In other words, the real money lies in calling the direction of the general market. In my case, I was obliged to abandon plans to go short on many stocks (or bet that the price would fall). I was losing money that way. It was a bull market.

And how to determine bull and bear markets? I offer the view of a chartist chum who was honest about the supposed art of reading graphs. "If you can't see it from six feet away, it's not a trend," he would say.

2 Let winners run. The first stock the portfolio bought last September was the mining group Anglo American. The price was about £14.50. I would not have believed at the time that it would hit £22 by February. I caught most of the rise simply by resisting the temptation to play safe and get out. A couple of Anglos can pay for a lot of mistakes elsewhere.

3 Cut losers. It's very old, and very good, advice. If you set your maximum loss on any one position at 2% of your capital, you've got at least 50 bets. You'll be in the game for a while.

4 Don't cut losers too early. The rider to the above. My "ones that got away" file bulged: I was shaken out of P&O and the Pru by falls of 5% or so and both stormed away afterwards. Stopping losses at 10% would have been better.


And the other stuff he said, too; but these 4 are relevant in light of the pronouncement in today's NY Times:


Consider that the average European stock fund has soared more than 14 percent a year, annualized, over the last five years. During this same stretch, funds that invest in domestic blue-chip growth stocks have returned less than 2 percent a year.

Some strategists say that if more than half of the world's total stock market capitalization resides in companies based outside the United States, about half of your equity portfolio should be held in foreign shares. That argument has certainly gained traction in light of the recent successes overseas...


New research by S.& P. would seem to indicate that keeping around 25 percent of your equity exposure in foreign securities would be optimal.

Having some foreign exposure clearly helps diversify a portfolio. From 1970 to 2005, a portfolio invested entirely in domestic stocks had a standard deviation — a popular measure of volatility — of 16.8 percent, according to S.& P. By comparison, a portfolio that was 75 percent invested in domestic stocks and 25 percent in foreign shares had a standard deviation of 16.4 percent, implying a slightly less bumpy ride.

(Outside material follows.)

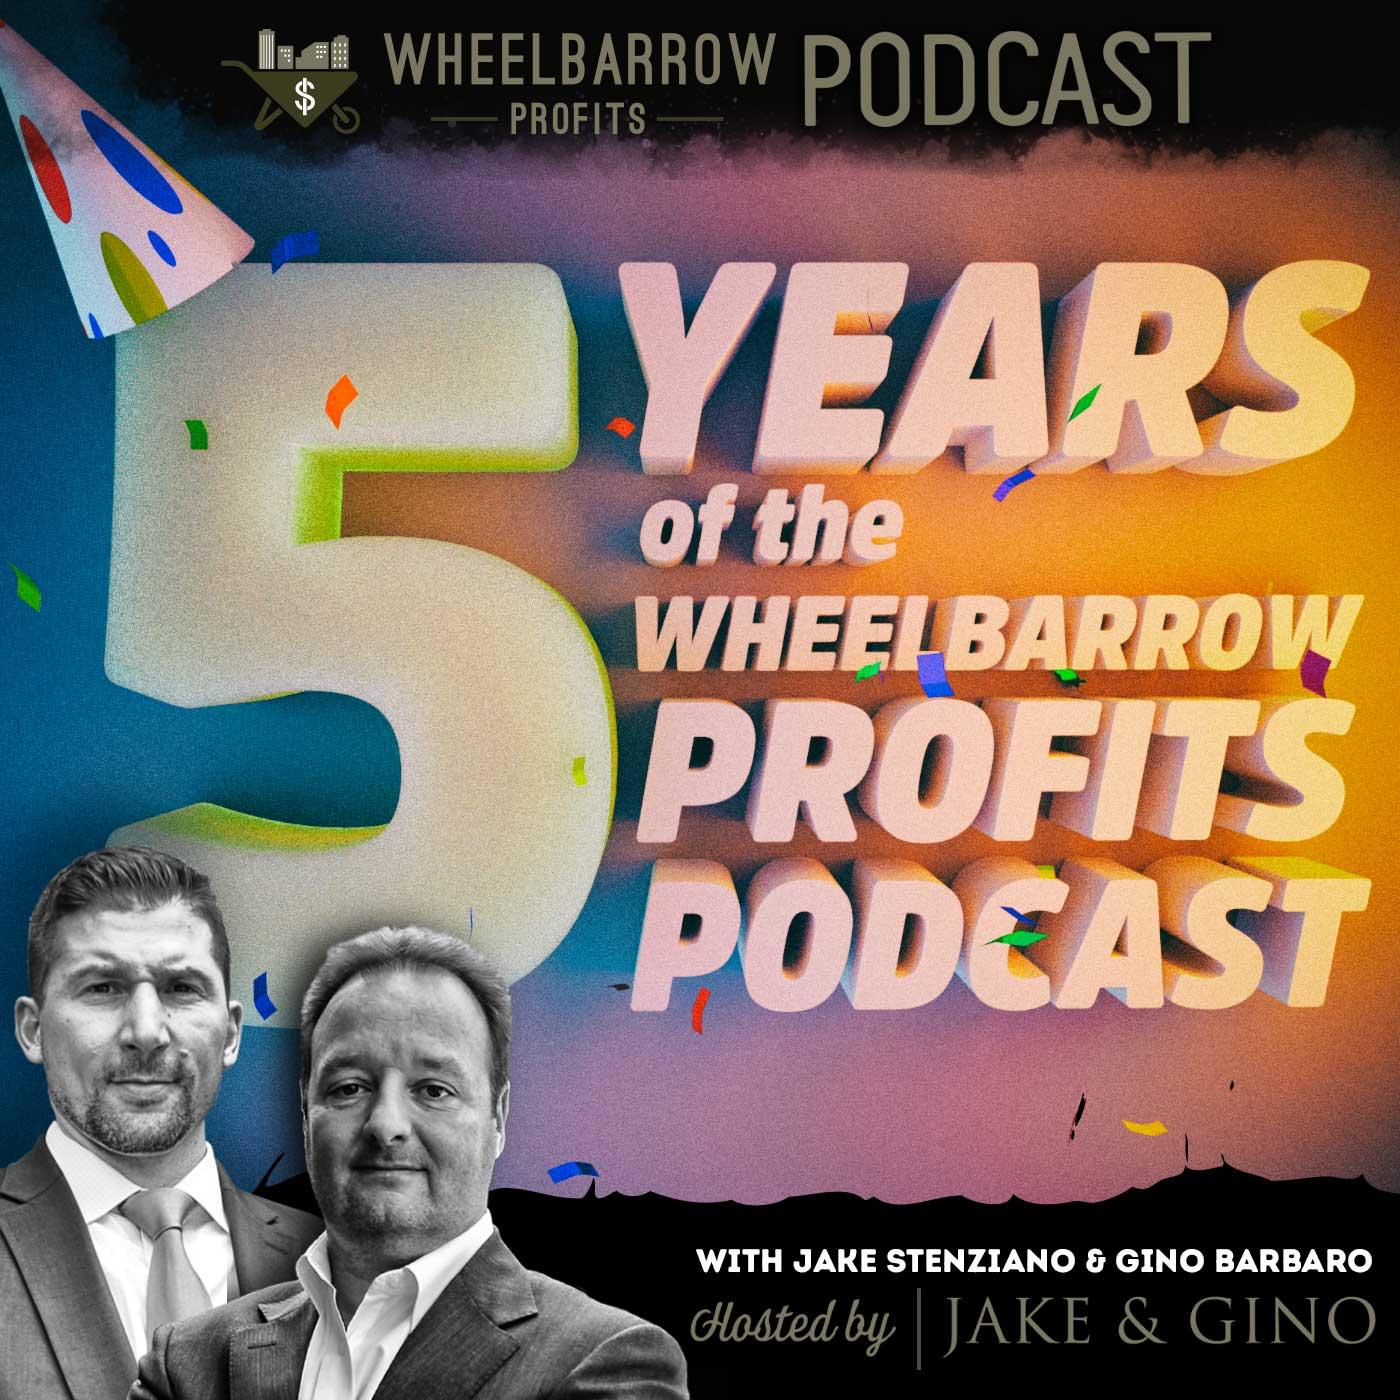 WBP - 5 Year Anniversary Episode with Jake and Gino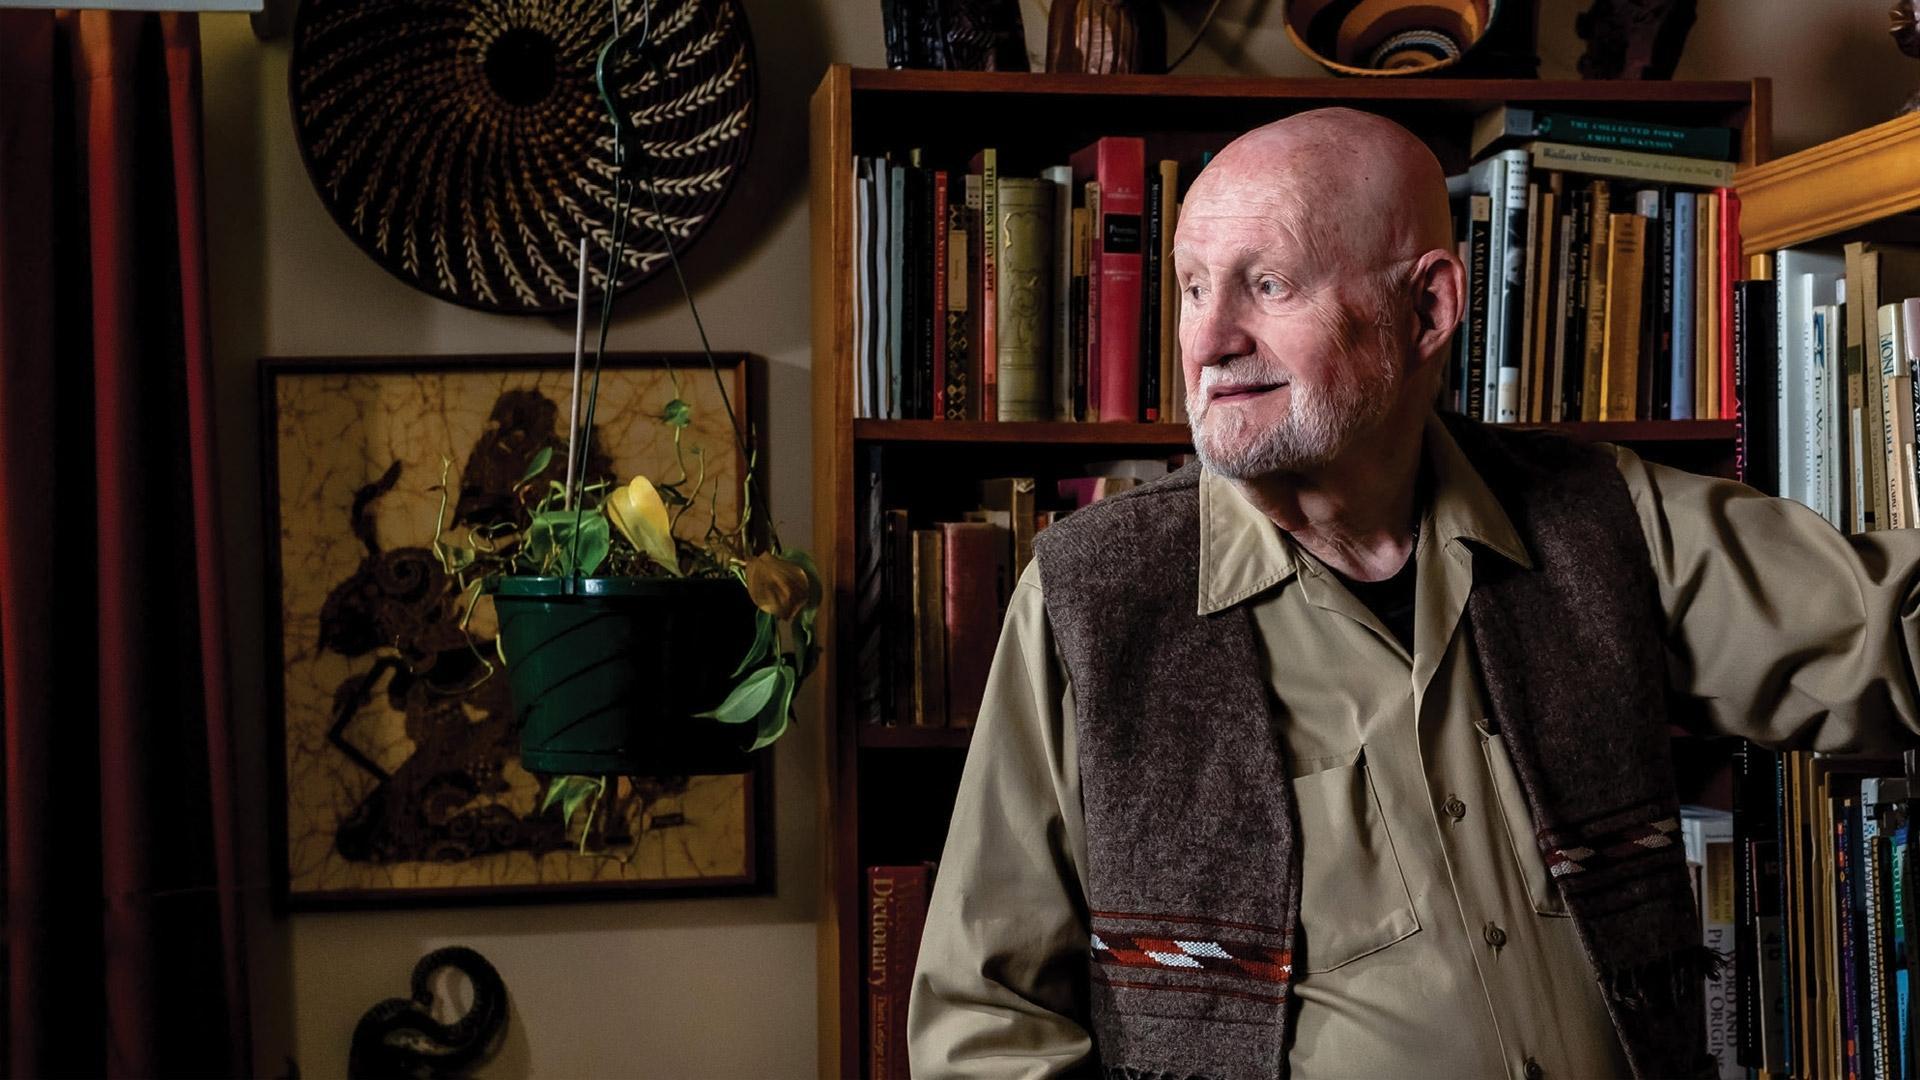 Douglas Raybeck, Professor of Anthropology (1970-2007)

But beyond a 25 percent international allocation, the more foreign stock you own, the more volatile your portfolio becomes — without generating much in additional returns...


Of course, investors may sometimes choose to slightly overweight or underweight foreign stocks, as opportunities arise. John Thompson Jr., portfolio manager at Ibbotson Associates in Chicago, says he thinks that an aggressive investor should feel comfortable putting as much as 30 percent of total equity exposure overseas.

But it's also important, Mr. Thompson said, not to deviate too much from your long-term asset allocation strategy.

That is especially true if you plan to hold emerging-market shares. Investors should probably keep their emerging-market exposure from growing beyond 5 percent of their total portfolio, he said. After all, the whole point of having a long-term asset allocation strategy is to reduce your portfolio's risk.



The conflation of foreign mature economies with emerging economies, and the blissful ignorance of what the speculator said above all is cause for consternation. The Republicans have trashed the US economy; and going against a "trend" dating back to 1971 - which included the 1980-2000 bull market in the US- is kind of fallacious.

Emerging markets emerge. Economies mature. Other economies decline. The idea that somebody could have crunched the numbers in say, Argentina, in the late 90s and come to different conclusions other than "get that money the hell out of the country" is ridiculous, as ridiculous as thinking that somehow the US equity situation is unique to the world. Why should that be? It only is if there is the assumption that the rest of the world has faith in US equities that it might be unique.

But it might be becoming unique in a bad way. And that's why one would be crazy to follow the "conventional wisdom" here.

Let's see some reform of the fundamentals of the US economy first.